Qual seu prognóstico geral sobre o resultado eleitoral?
Aldo Rebelo – Tenho confiança em que as forças que sustentam o governo do presidente Lula sairão amplamente vitoriosas nessa batalha. E que diminuirá ainda mais o espaço político do PFL e do PSDB.
E acho que essa ameaça às posições do PFL e do PSDB é que leva essas correntes em certas circunstâncias a adotarem posições desesperadas no seu confronto com o governo e com as forças políticas que apóiam o presidente Lula.

Houve uma certa dispersão do campo das forças lideradas pelo presidente Lula ao menos no plano do primeiro turno das eleições. Como essas forças deveriam se portar tendo em vista uma batalha que é definida em dois turnos?
Aldo Rebelo – Na verdade, seria preferível que a aliança das forças que sustentam o governo se desse em dois movimentos. No primeiro, garantir a unidade do núcleo histórico dessa aliança, formado pelo PT, PCdoB e PSB e no segundo movimento incorporar os demais aliados no maior número possível de capitais e de cidades para disputar as eleições. Essa operação não foi totalmente vitoriosa, embora em certa medida tenha ocorrido, como no caso da aliança do PT com o PCdoB, que percorre pelo menos 17 das 26 capitais do país.
Há de se buscar um compromisso entre os partidos que formam a base do governo de preservação das suas relações no primeiro turno e de busca das alianças no segundo para enfrentar os candidatos do PFL e do PSDB.

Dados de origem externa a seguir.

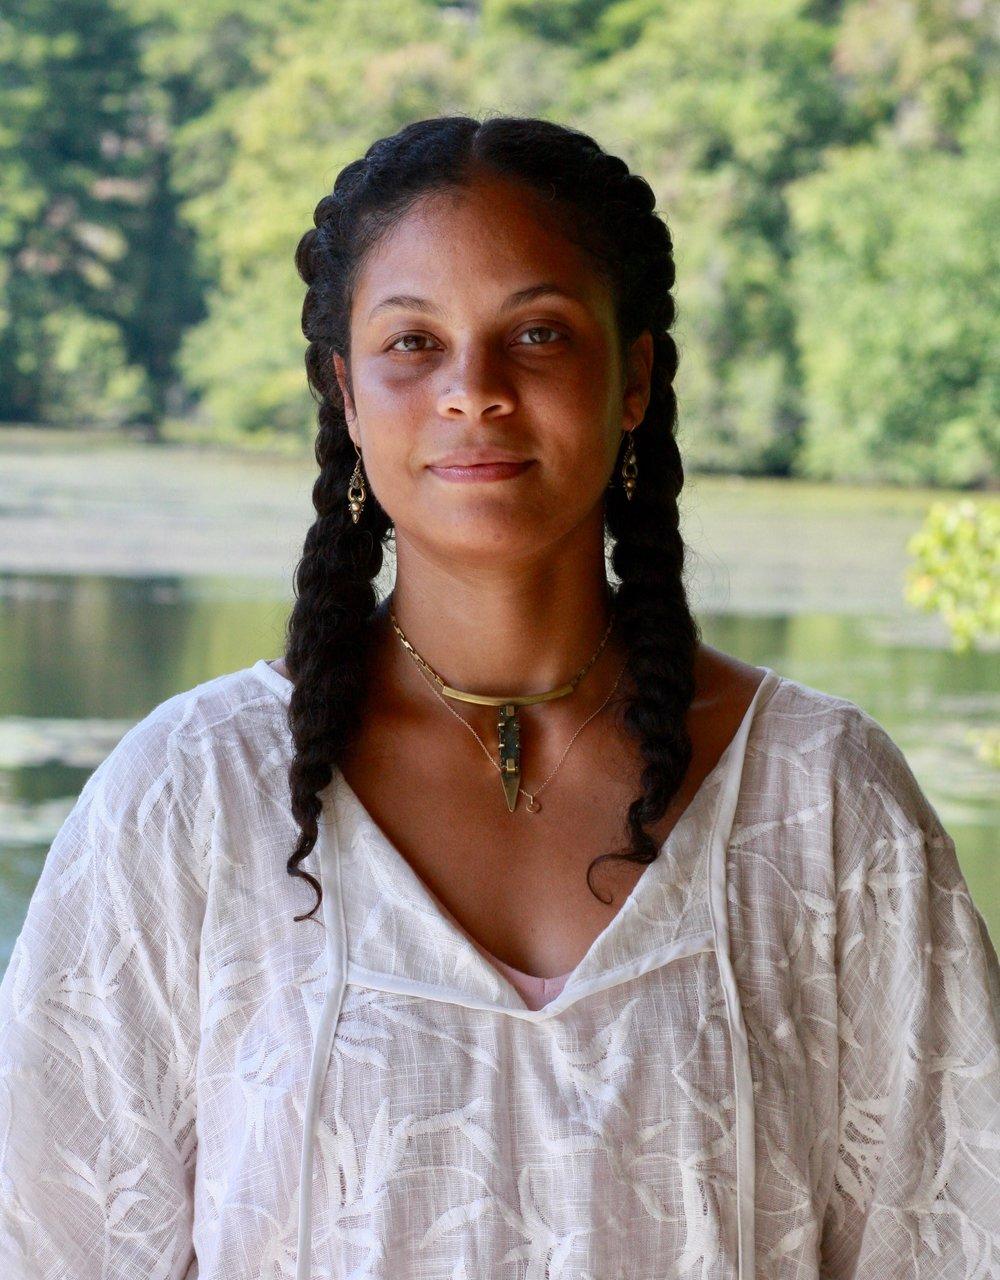 Tamira Cousett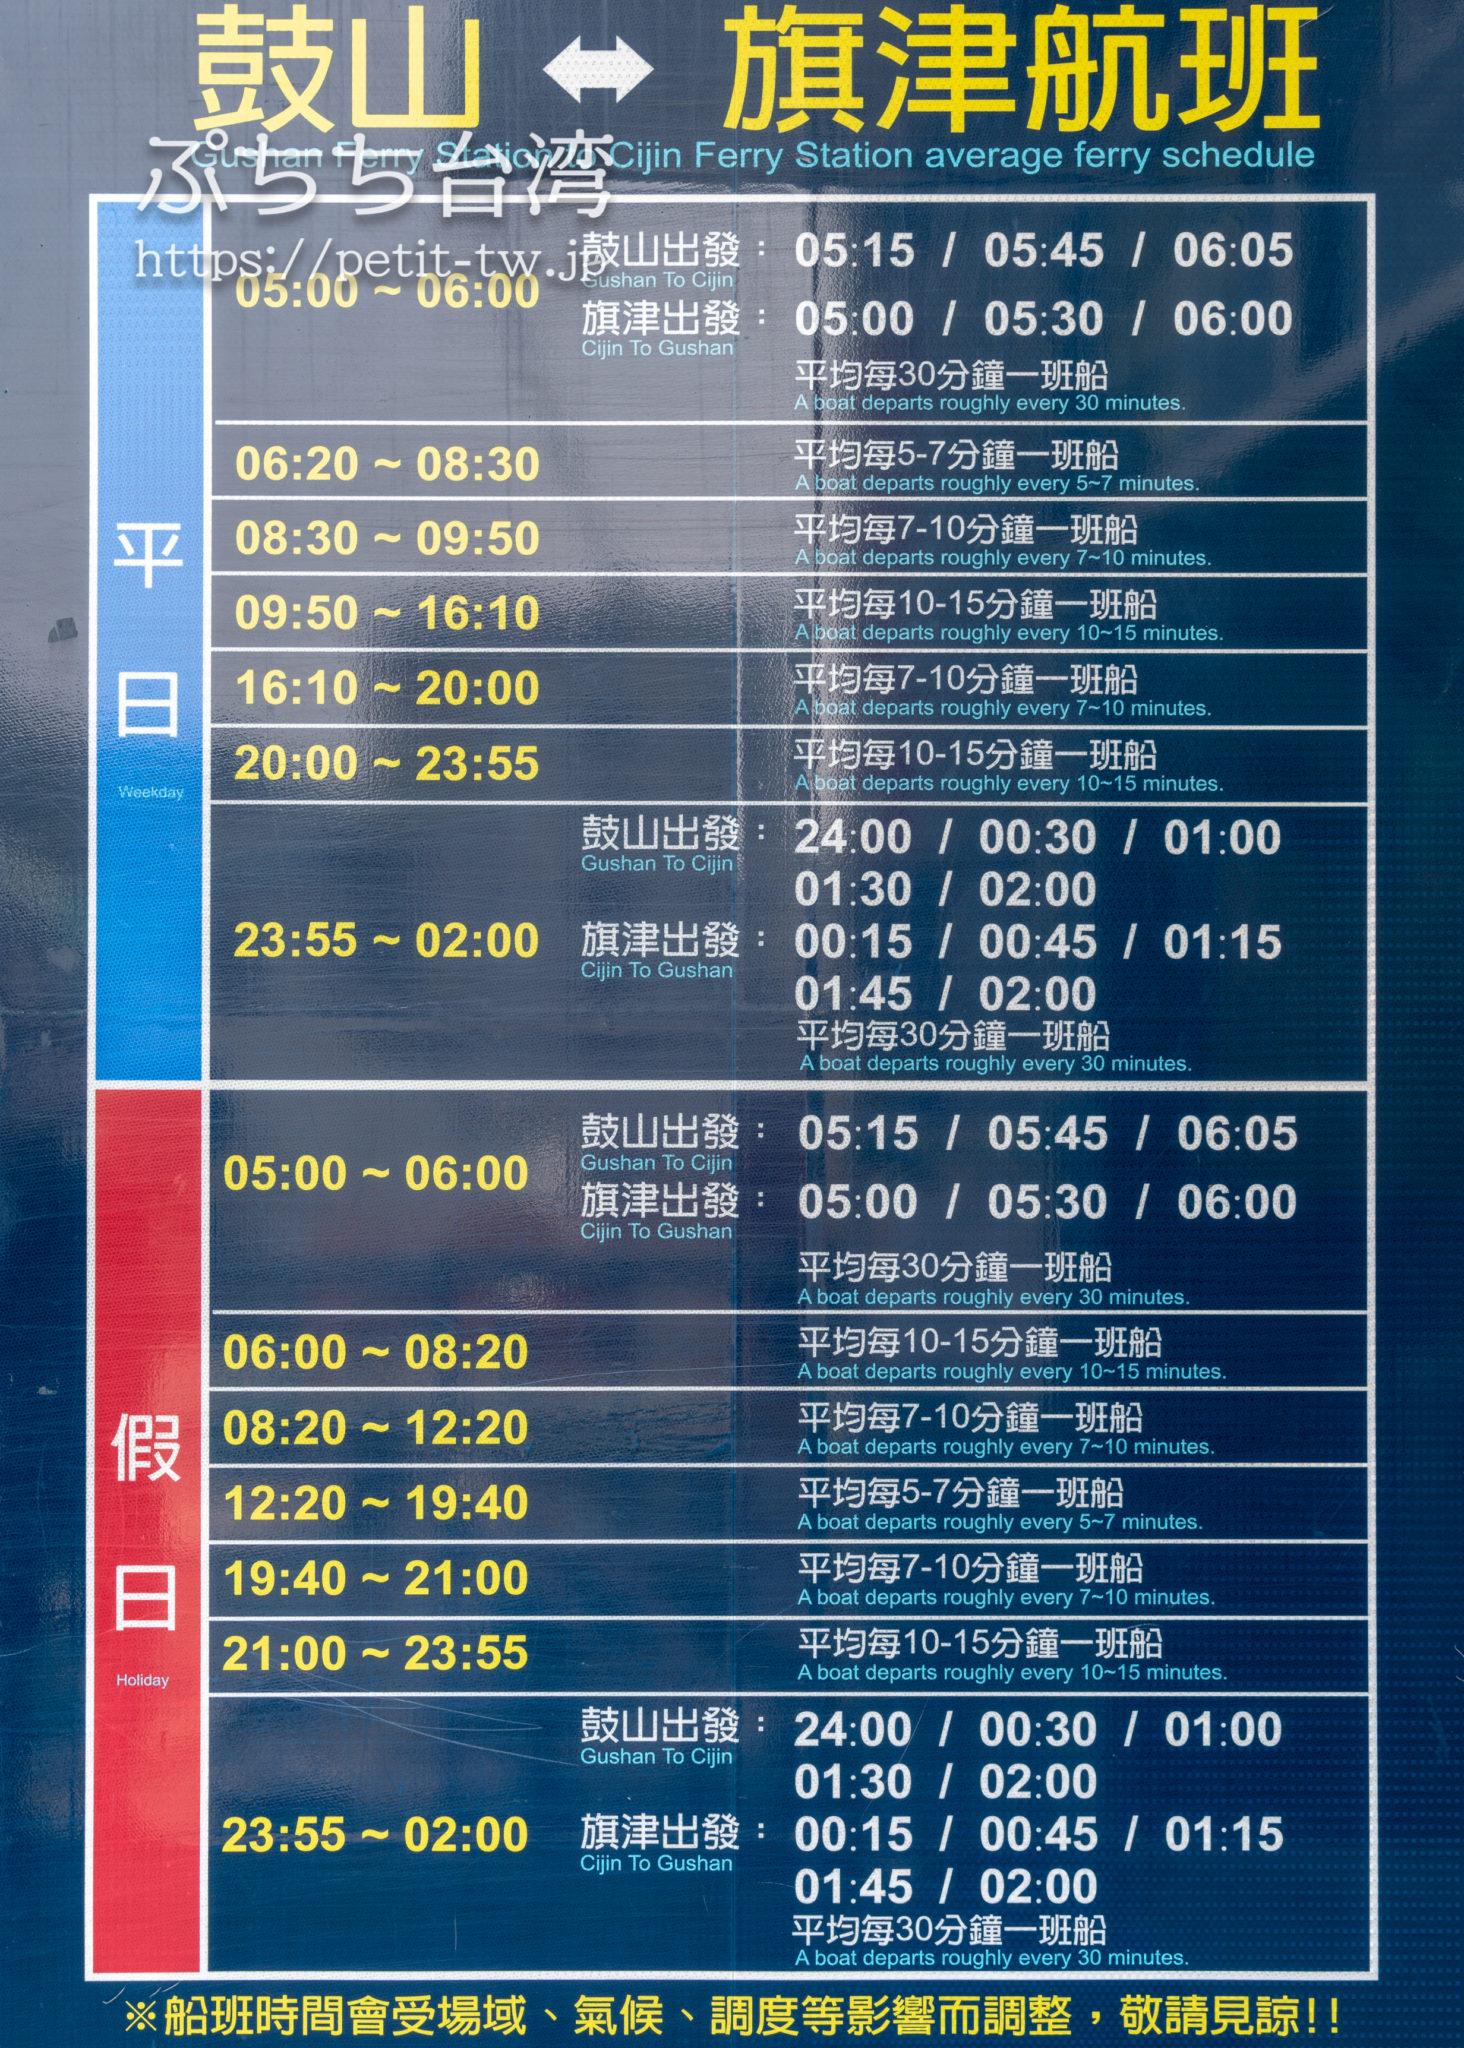 高雄 旗津島行きフェリーの時刻表

Entre as razões que levaram o presidente Lula a convidá-lo para exercer o Ministério da Coordenação Política parece se destacar a motivação de dar uma feição mais plural ao núcleo de coordenação do governo. Tal concepção de um governo sustentado por amplas forças – um governo de coalizão – tem sido assimilada pela base governista, em especial o partido hegemônico, o PT?
Aldo Rebelo – O processo das alianças políticas e da construção de um governo de coalizão nunca é um processo acabado. Ou seja, é um processo em construção permanente, de aprendizado de sentido educativo.
Além dos princípios que devem nortear essa aliança, do respeito entre os aliados, há o princípio segundo o qual quem apóia o governo deve participar do governo, e ter sua importância reconhecida e sua presença assegurada na formulação das políticas e nas funções de governo.
E creio que esse aprendizado está em curso. Há incompreensões, há resistências, mas penso que prevalece a convicção do próprio presidente Lula de que o país pode, e deve, ser governado pela mais ampla união de forças políticas, sociais, intelectuais, de caráter democrático e patriótico – que assegurem a maioria social, a maioria política e a maioria parlamentar, que garantam a governabilidade e que dêem ao presidente as condições de cumprir o seu projeto de avançar na construção da democracia, da ampliação dos direitos do povo e da soberania nacional.

Adalberto Monteiro é jornalista e editor de Princípios.